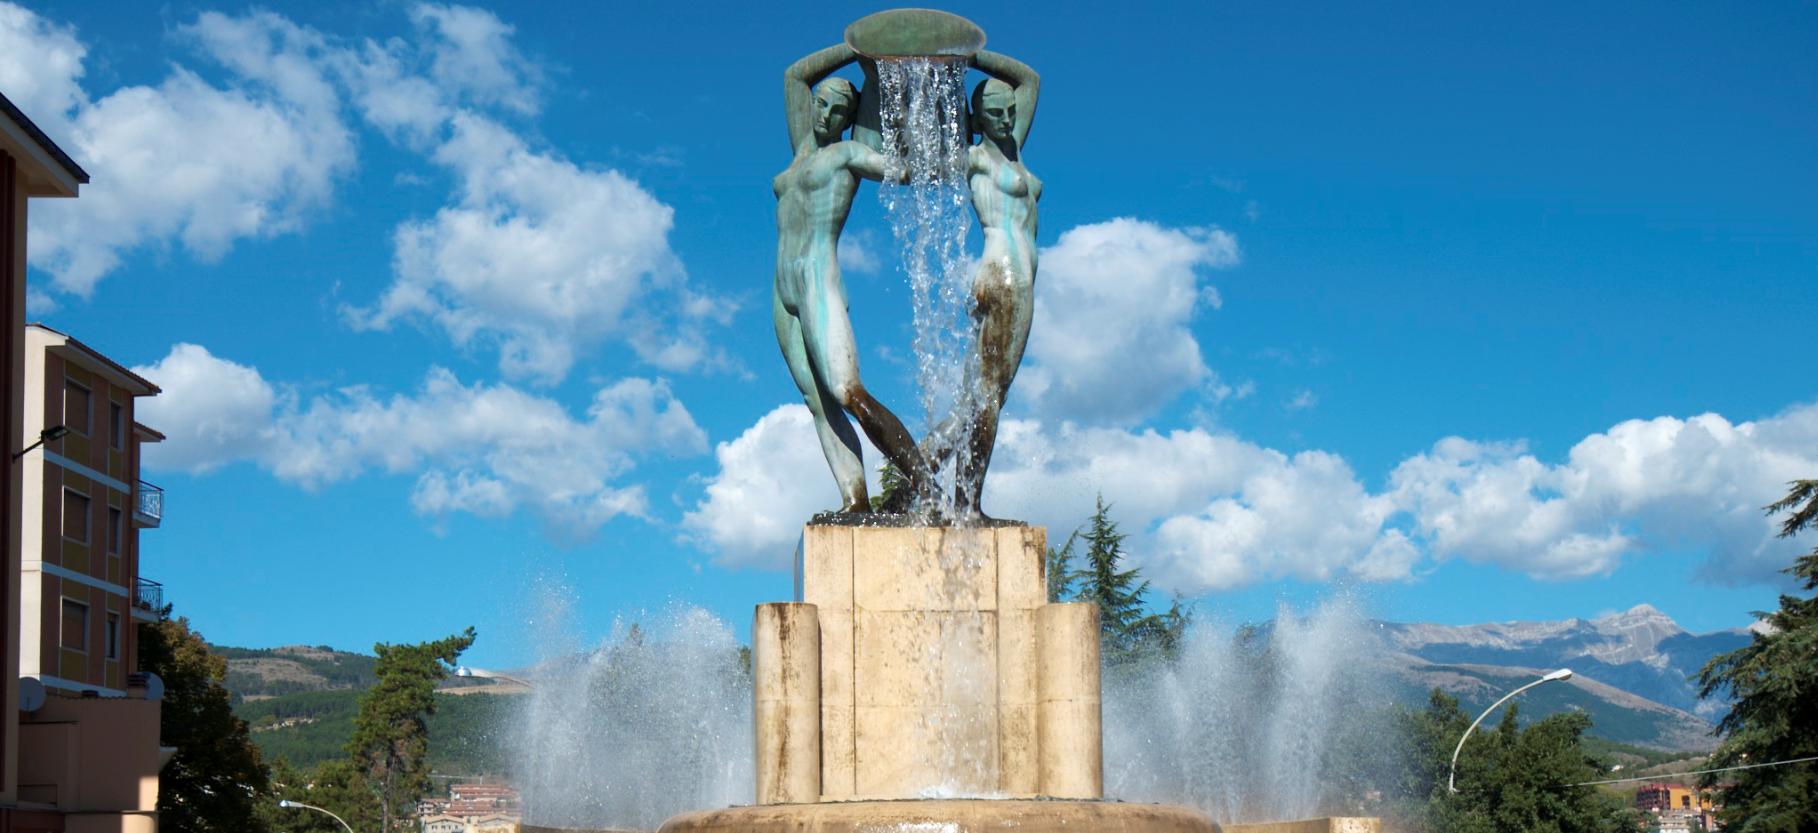 The Luminous Fountain
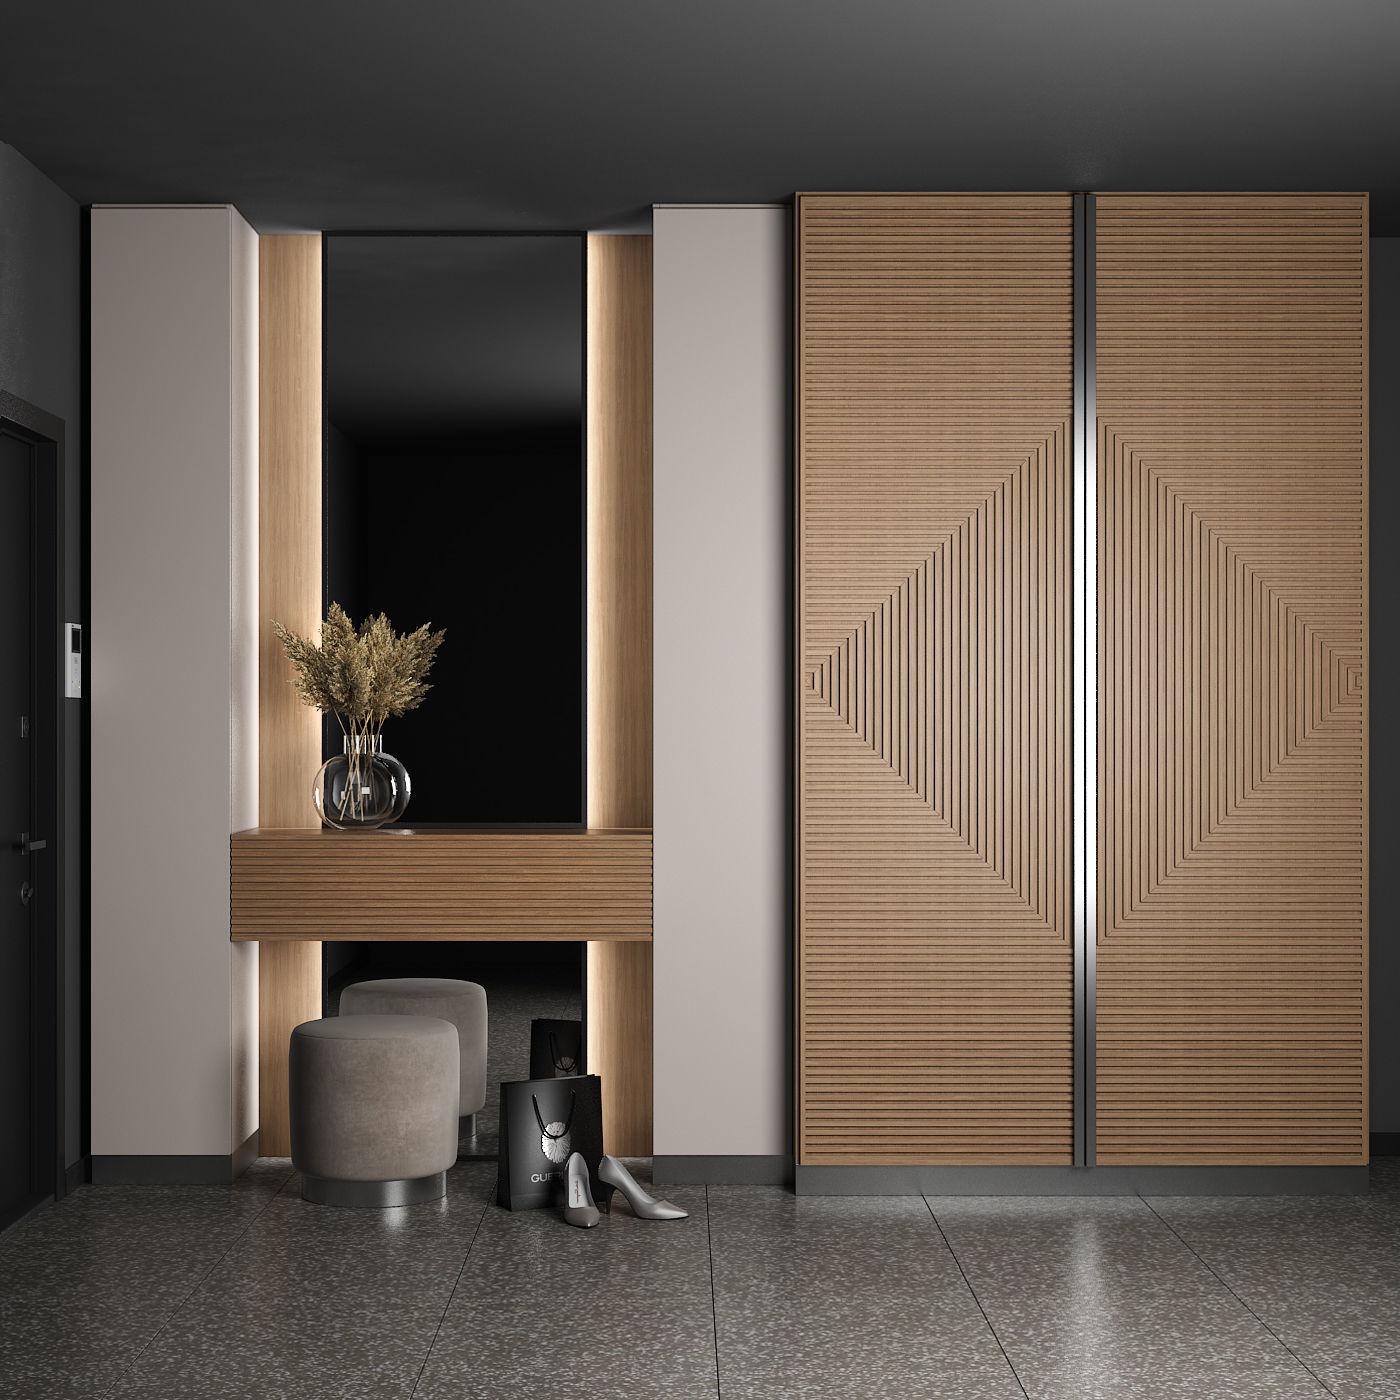 Furniture composition 37
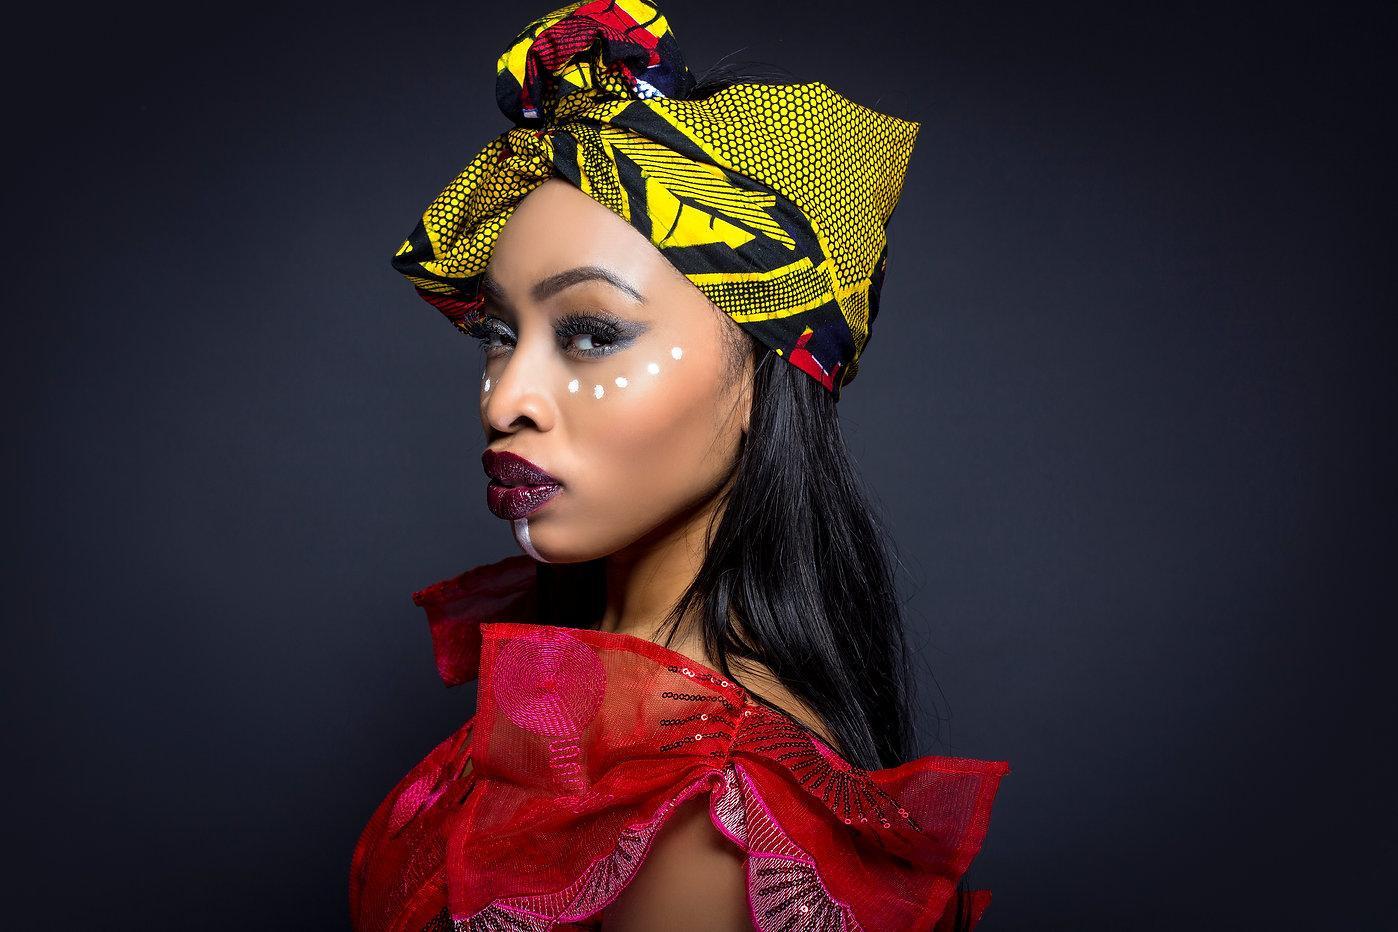 Black female showing African pride by we
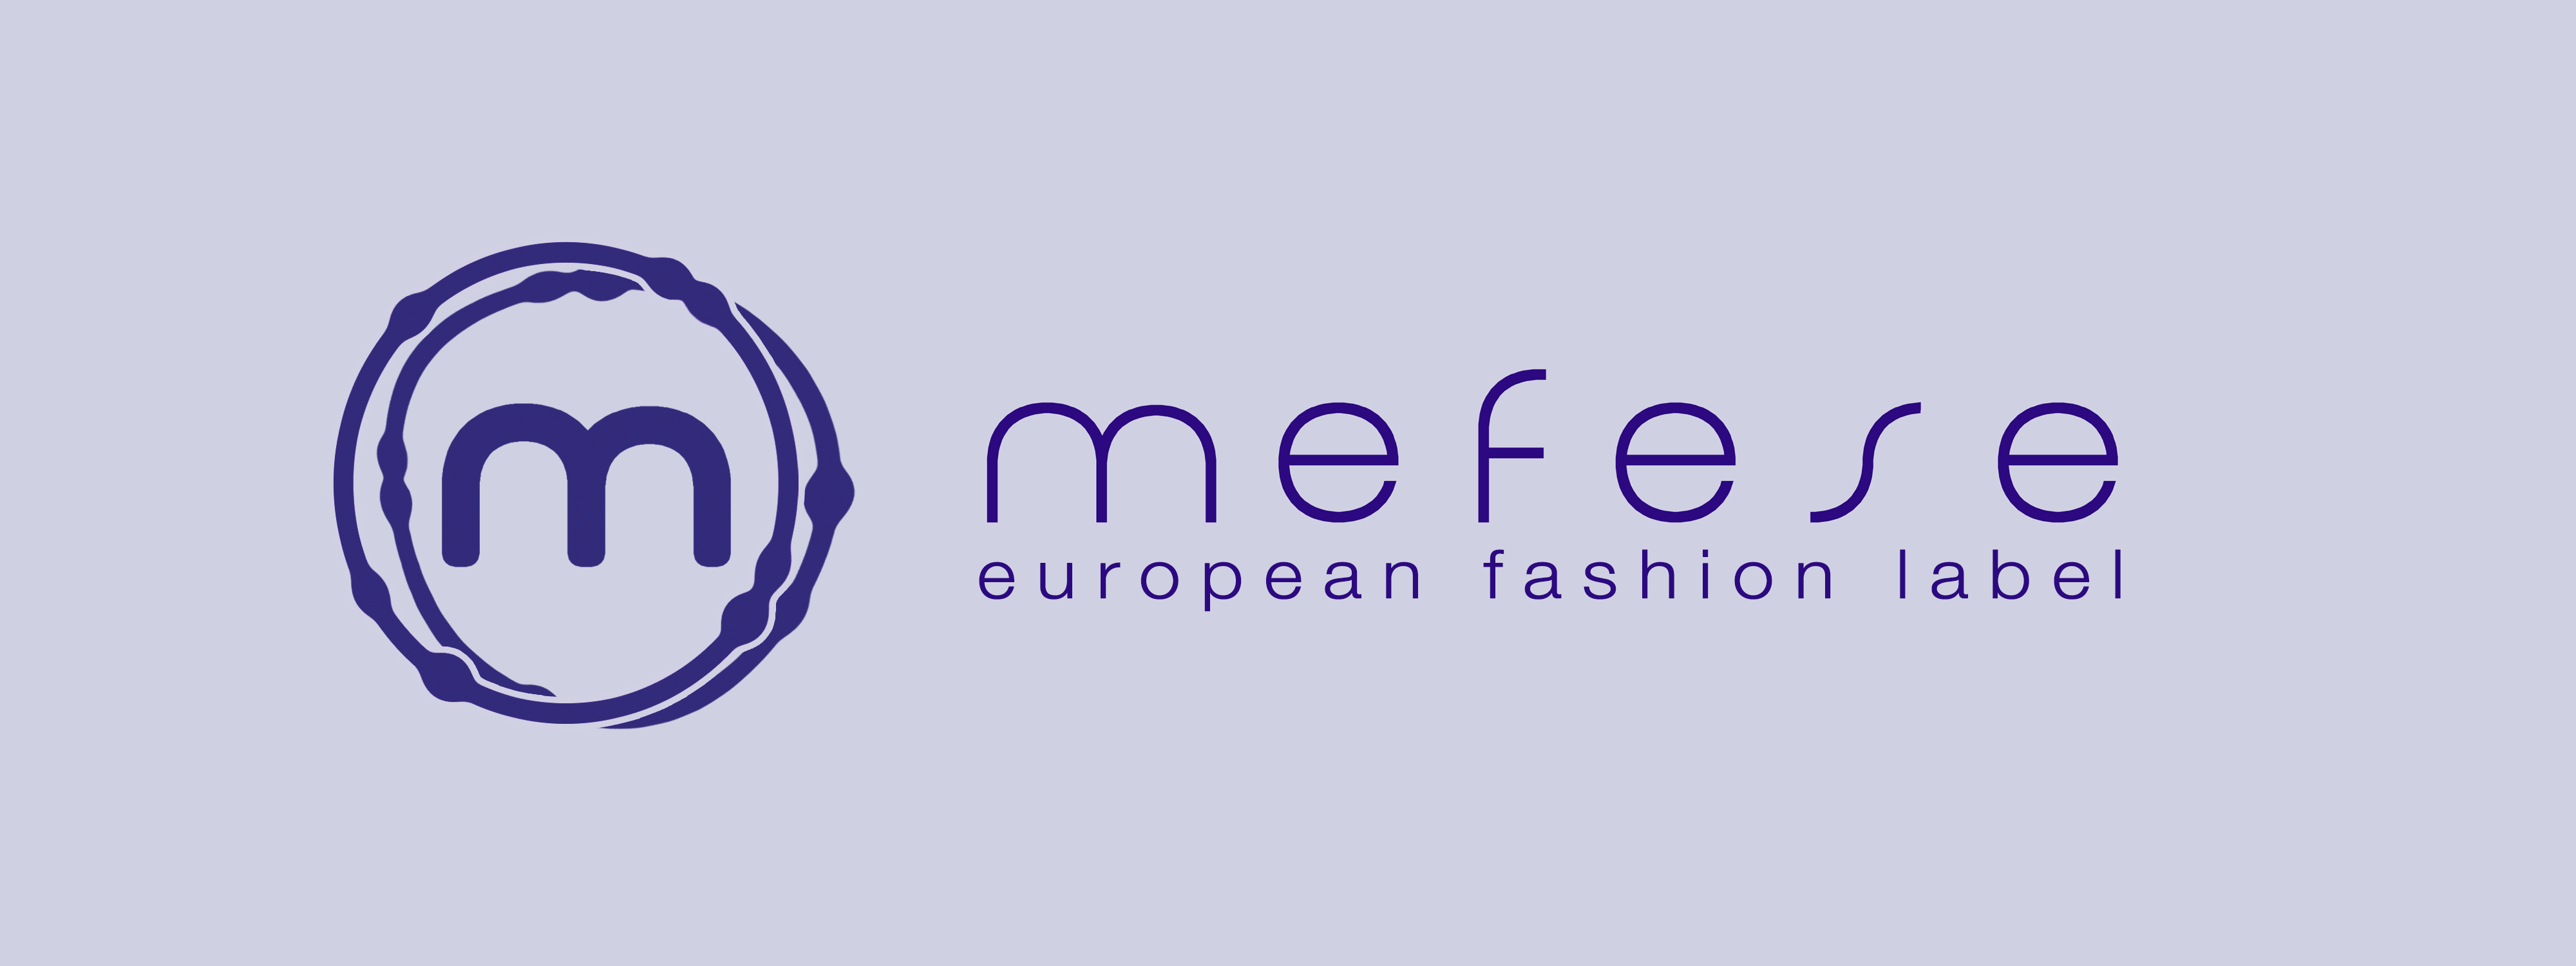 mefese-logo-prostokatpng
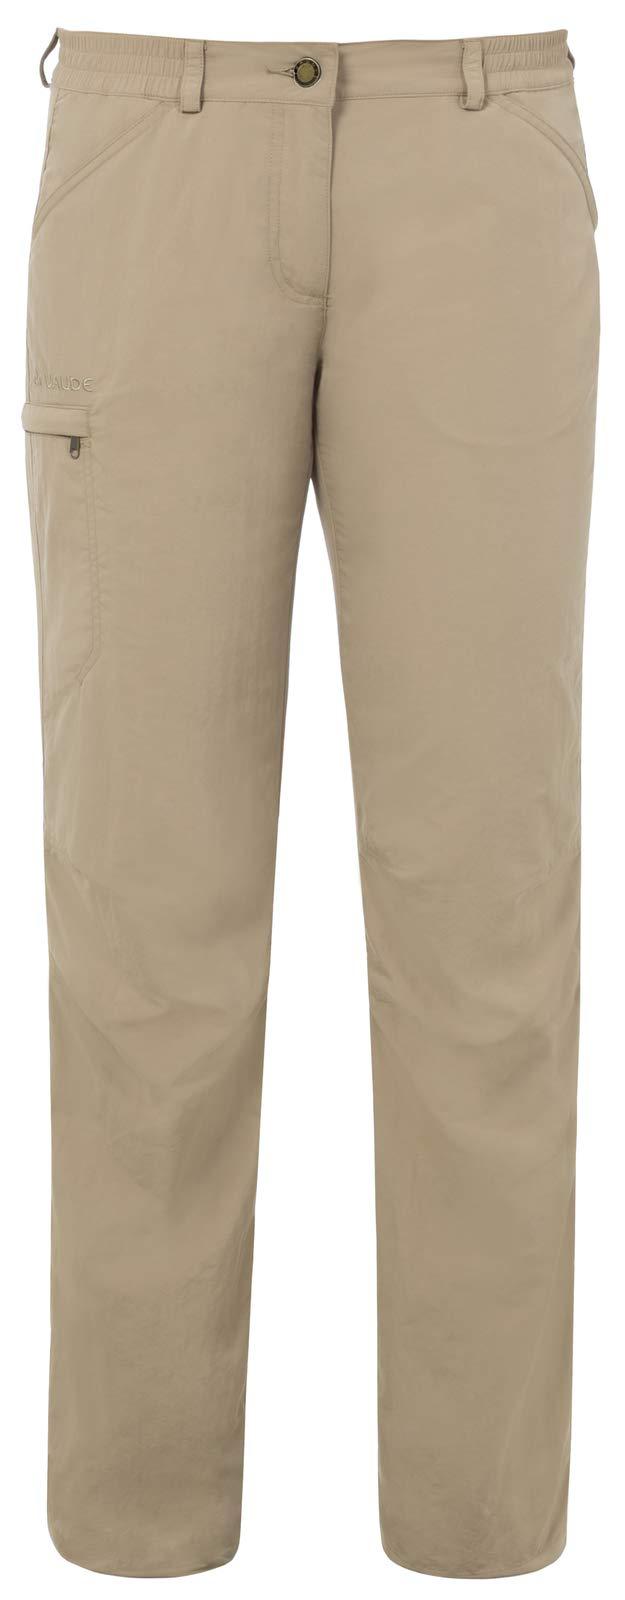 VAUDE Damen Hose Farley Pants IV, Muddy, 40, 03872

• _Assignment_: Retyped exactly, the lines from the one holding "Furniture composition 37" through the last line of the data above are the whole answer. Pictures stay out.

• _Exercise response_:
 Furniture composition 37
 Black female showing African pride by we
 mefese-logo-prostokatpng
 VAUDE Damen Hose Farley Pants IV, Muddy, 40, 03872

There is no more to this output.